I suggest we start here and envision human beings as those who have forfeited their primal dignity and vocation through breaking faith with God through sin.  As long as we see them primarily as sinners we cannot help but focus on God’s remedy for this failure (as F & H would agree).  Both our authors and I believe we can do better than that.

If we proclaim the gospel, God’s victory over the powers of sin, (d)evil, and death in Jesus’ cross and resurrection to reclaim us through forgiveness and restore us to that primal dignity and vocation vouchsafed for us now in Christ, we have a different entrée to talk to others about the gospel.  F & H sense this, yet their formulation of this different approach seems halting and stilted to me.  They write,

We should be asking something like, “Have you entered the salvation already begun in Jesus Christ that God is working for the sake of the whole world?” Of course, how we ask that question, how we invite people into this new world, is different for every person and situation we find ourselves in. And that is the point. This is the prodigal nature of the gospel itself. . . We have moved from, “Have you asked Jesus into your heart?” to, “Have you entered God’s kingdom with your life, your circumstances, your very soul?” (2934-2938)

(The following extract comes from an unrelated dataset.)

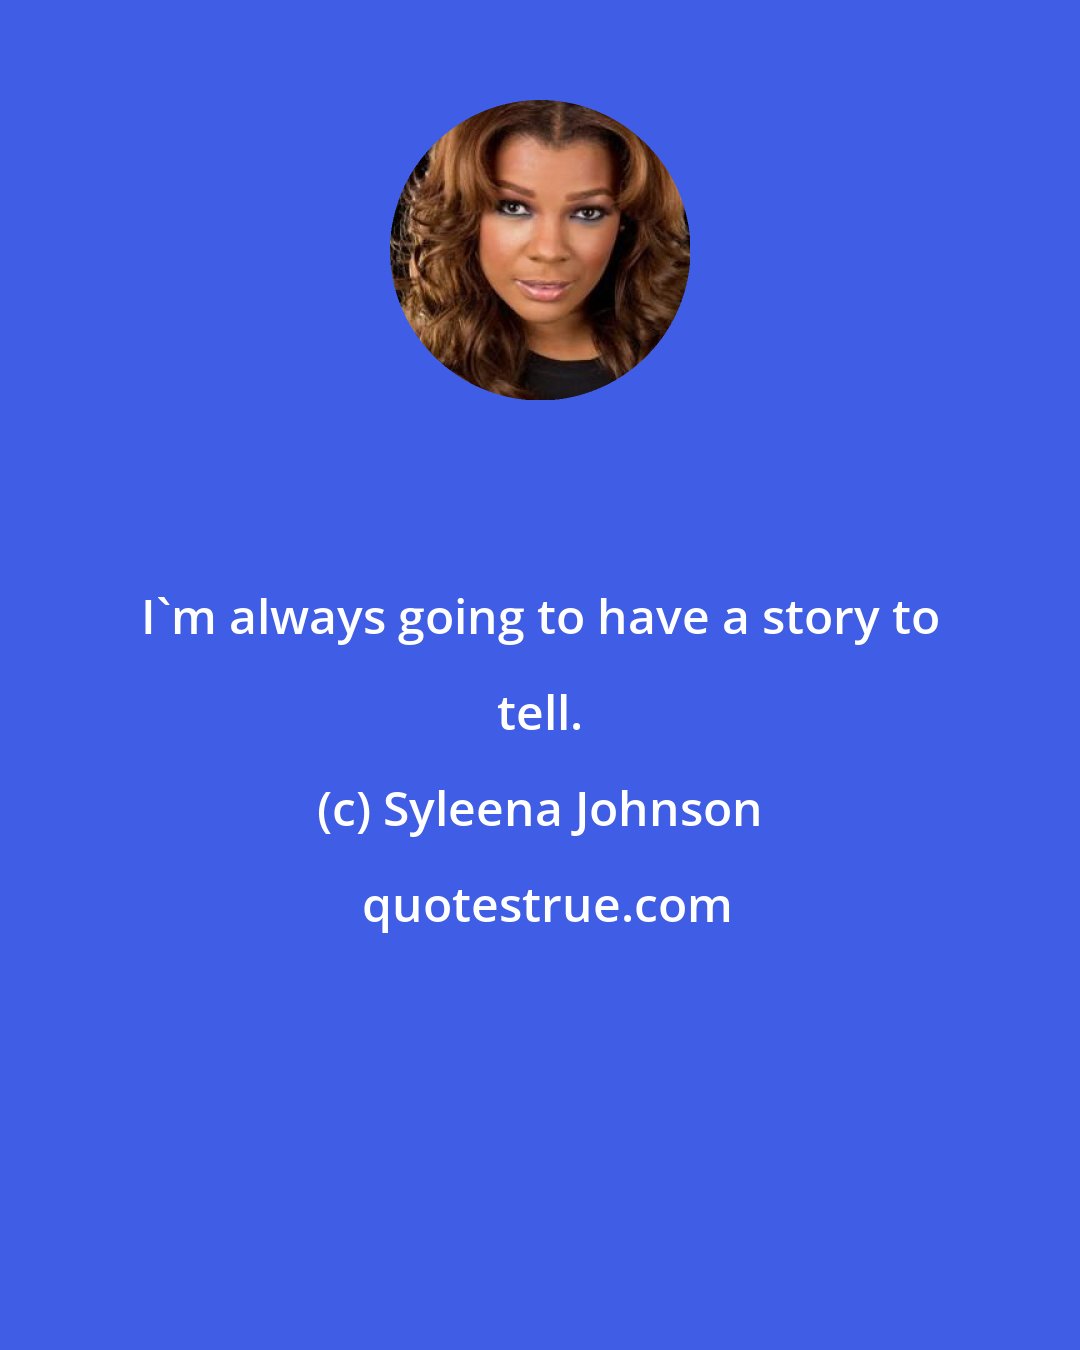 Syleena Johnson: I'm always going to have a story to tell.

I suggest a formulation along these lines.  In light of Jesus’ victory for the kingdom of God, of which the church is a sign, sacrament, and steward, we can say something like this, “God intends for you to be a part of his kingdom movement.  He has equipped you with gifts for the role he wants you to play.  Even though you’ve spurned that role and call, God offers amnesty for that and wants you back and offers to restore you to what he created you to be: his royal representatives in the world and overseers of the well-being of the creation.”  Or something like that. 

I am trying to marry creation and salvation here, as they are in the scripture.  This counteracts the dualism that still clings to the word and popular notion of “salvation” and ties the “image of God” together with the new creation we enter through faith in Christ.  And it styles the evangelistic invitation as a call to join the vanguard of the new creation whose vocation is to subvert attitudes, actions, and structures established by fallen humanity and demonstrate the counter-attitudes, actions, and structures life in God’s new creation makes possible.  Even here and now amid the debris of a fallen world.  And all this without recourse to the usual vehicles of force, coercion, intimidation, and bullying!

Whether this is an advance on what F & H have done, you’ll have to decide for yourself.  I think it is a bit richer and pulls in more aspects of the biblical than their offering. You?

I offer this different way of approaching others with the gospel with deep gratitude to David Fitch and Geoff Holsclaw.  They have done us all a tremendous service in their labor to produce Prodigal Christianity.  Thanks to you, David and Geoff, and the glory be to God!